Foodwatch setzt sich dafür ein, dass alle Lebensmittel sicher sind und halten, was sie versprechen. Was drauf steht, muss auch drin sein - und was drin steckt, muss auch draufstehen. Mit dem Thema Dioxin beschäftigen wir uns schon seit unserer Gründung im Jahr 2002. Wir haben zum Beispiel 2005 eine Untersuchung zum Thema Futtermittel veröffentlicht, in der wir auf das Dioxin-Problem hingewiesen und gefordert haben, Hersteller gesetzlich zu regelmäßigen Dioxintests zu verpflichten.
Wie kann so oder ein ähnlicher Fall in Zukunft vermieden werden?
Futtermittelhersteller müssen gesetzlich dazu verpflichtet werden, jede Lieferung einer Futtermittelzutat - ob Getreide oder Fett - auf Dioxin zu testen, die Ergebnisse zu dokumentieren und das Material zu vernichten, wenn Grenzwerte überschritten werden. Diese Forderung von Foodwatch hat Bundesverbraucherministerin Ilse Aigner in ihrem Aktionsplan nun aufgegriffen. Die Umsetzung steht aber noch aus.
Wurde der Export der unter Verdacht stehenden Lebensmitteln gestoppt?
Nicht Deutschland hat den Export gestoppt, sondern einige Länder wie China und Russland haben den Import von deutschem Schweinefleisch gestoppt.
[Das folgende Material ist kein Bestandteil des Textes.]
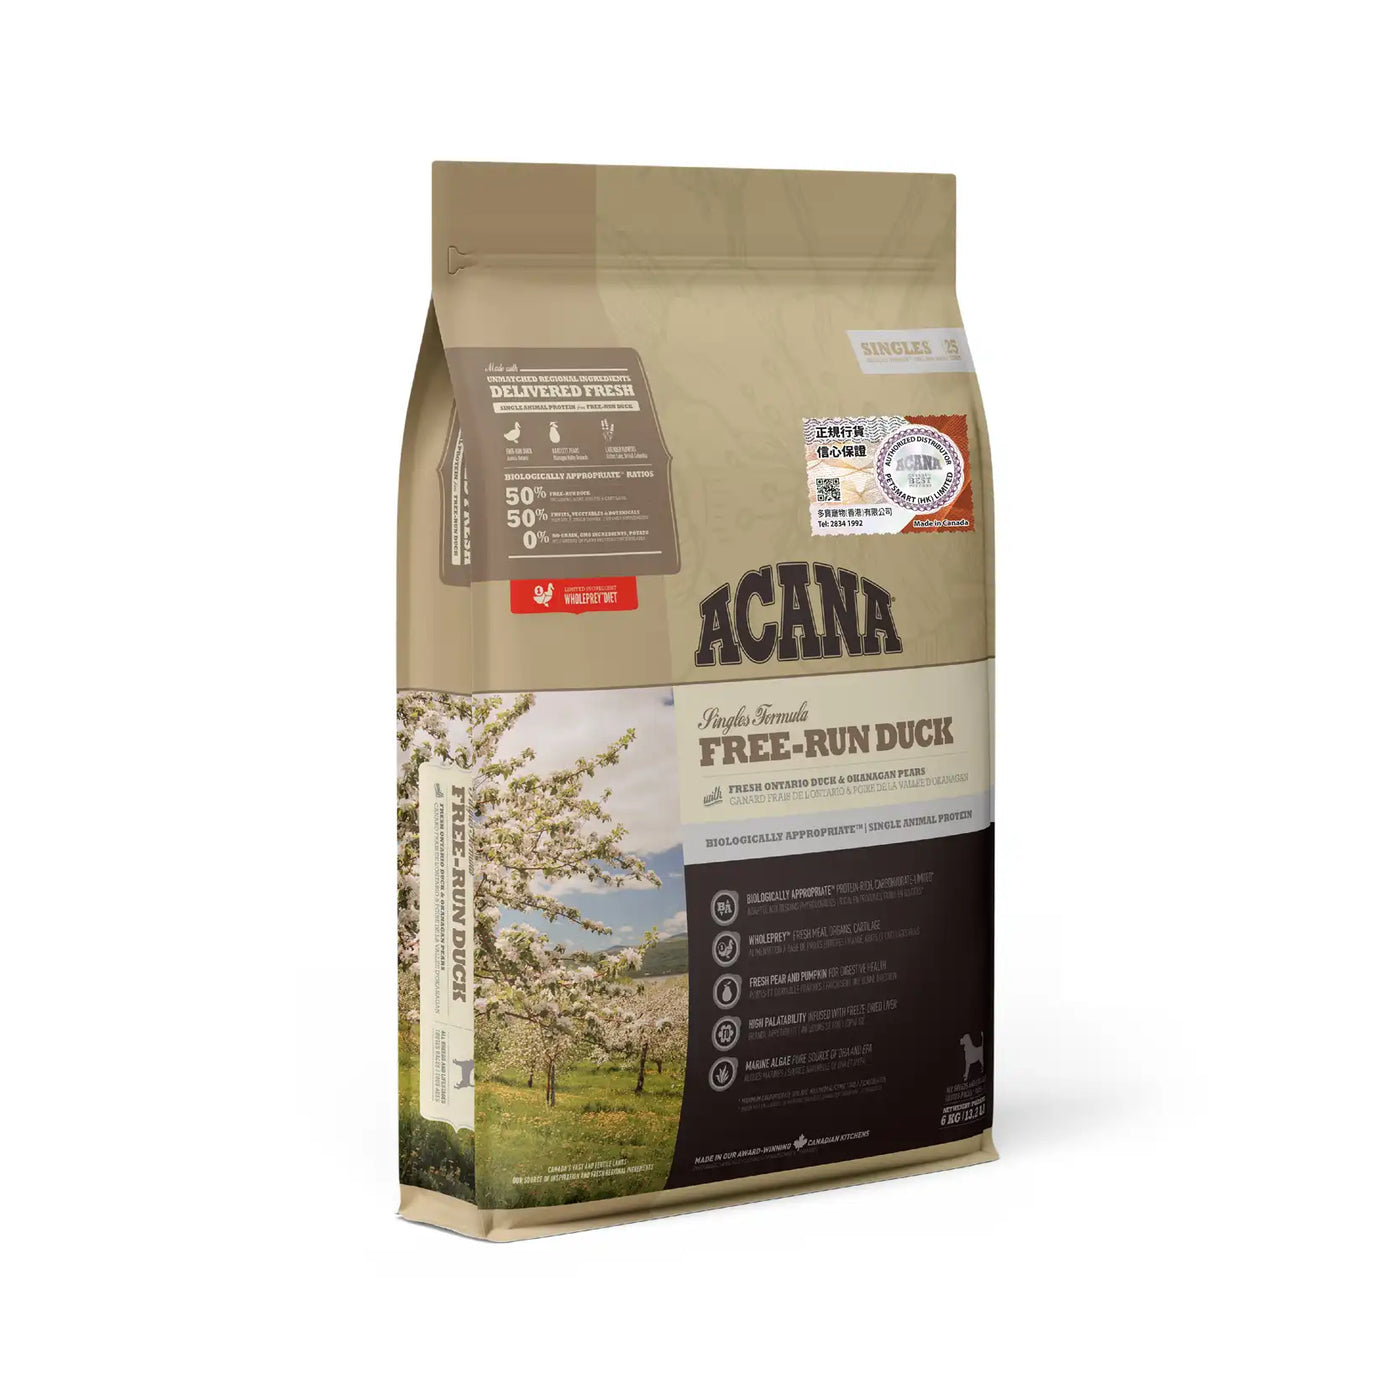 Acana - Single Protein Free Run Duck Grain Free Dog Food

Die deutsche Regierung will ja eigentlich den Export deutscher Fleischprodukte fördern, zum Beispiel für Geflügel und Schweinefleisch. Deshalb hat sich jede Regierung bisher gescheut, die Kosten der Futtermittelindustrie durch verpflichtende Dioxin-Proben zu erhöhen. Doch nur dadurch lässt sich weitgehend ausschließen, dass unnötig viel Dioxin auf unseren Tellern landet. Hier muss der Schutz der Verbraucher vor Gesundheitsschäden endlich wichtiger genommen werden als der Schutz der wirtschaftlichen Interessen der Industrie.
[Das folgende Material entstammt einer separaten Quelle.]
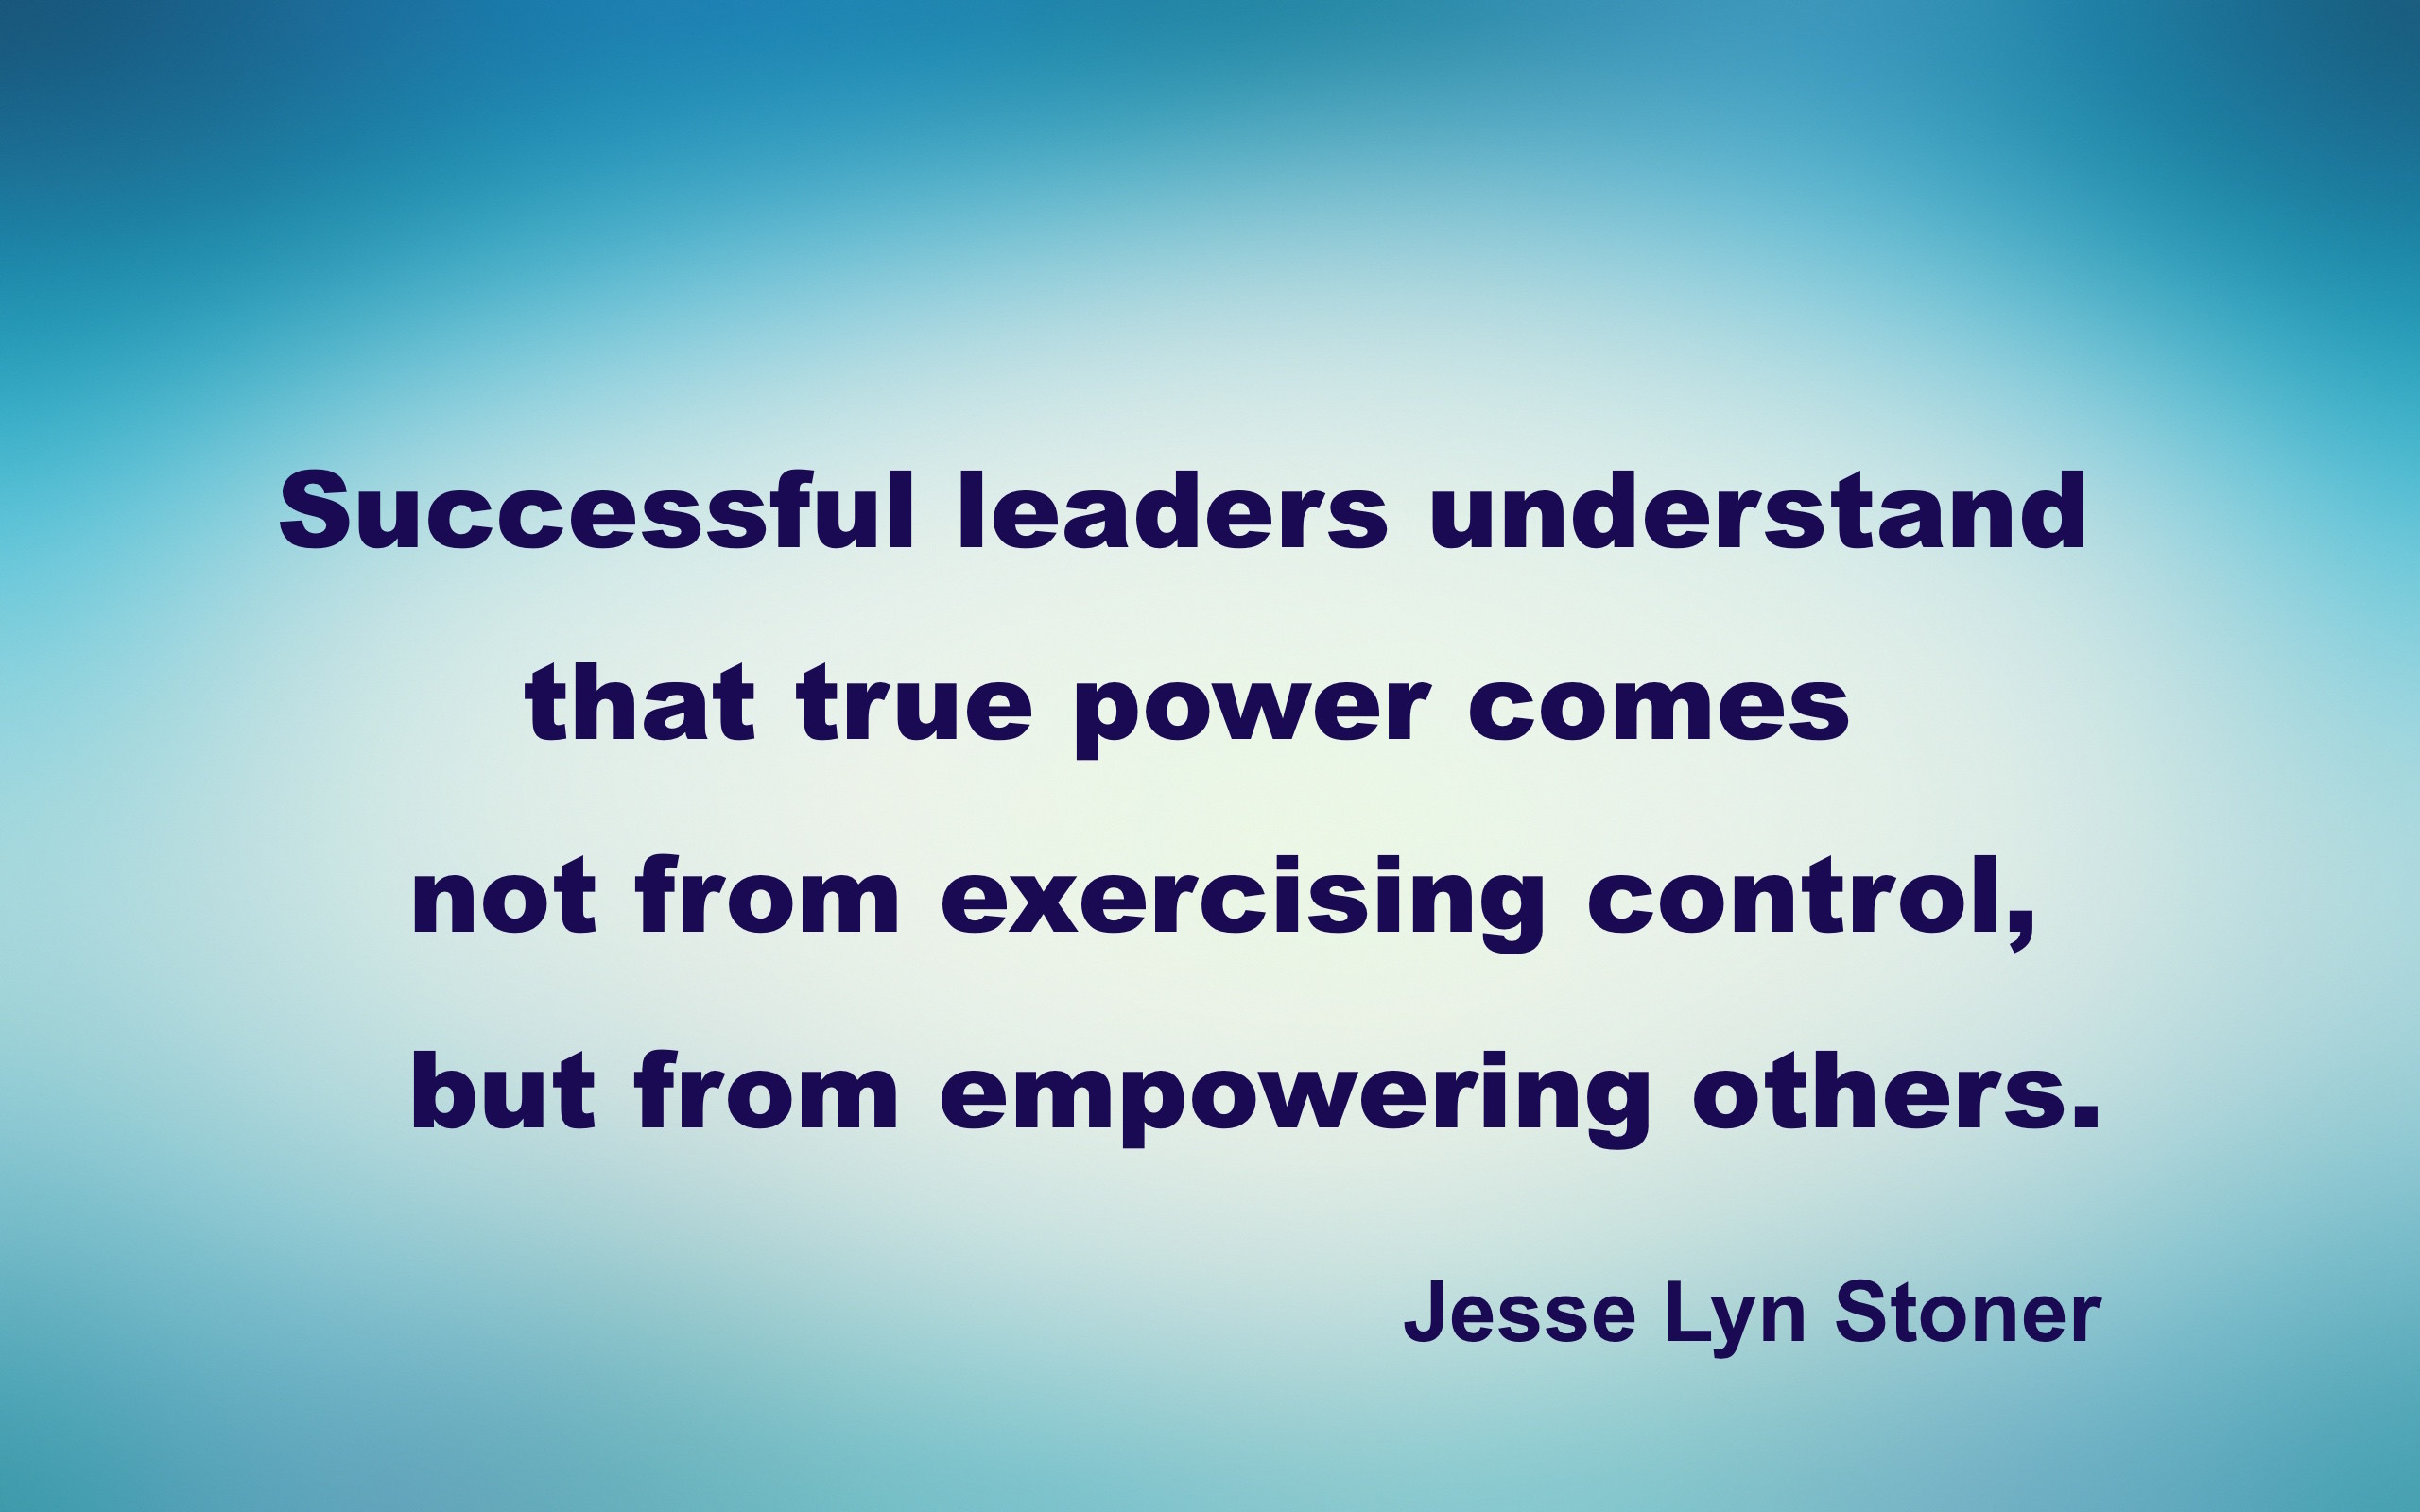 successful leaders understand true power

Wie lange bleiben die Folgen dieses Skandals?
Bisher gab es ja leider in regelmäßige Abständen Dioxinskandale, zuletzt im Mai letzten Jahres, damals ging es um Bio-Eier, die zu viel Dioxin enthielten. Jetzt ist es an den Politikern, endlich die wirksamen Maßnahmen gegen diese ständigen Skandale zu ergreifen. Es darf nicht bei Aktionsplänen und Ankündigungen bleiben. Das werden wir scharf beobachten.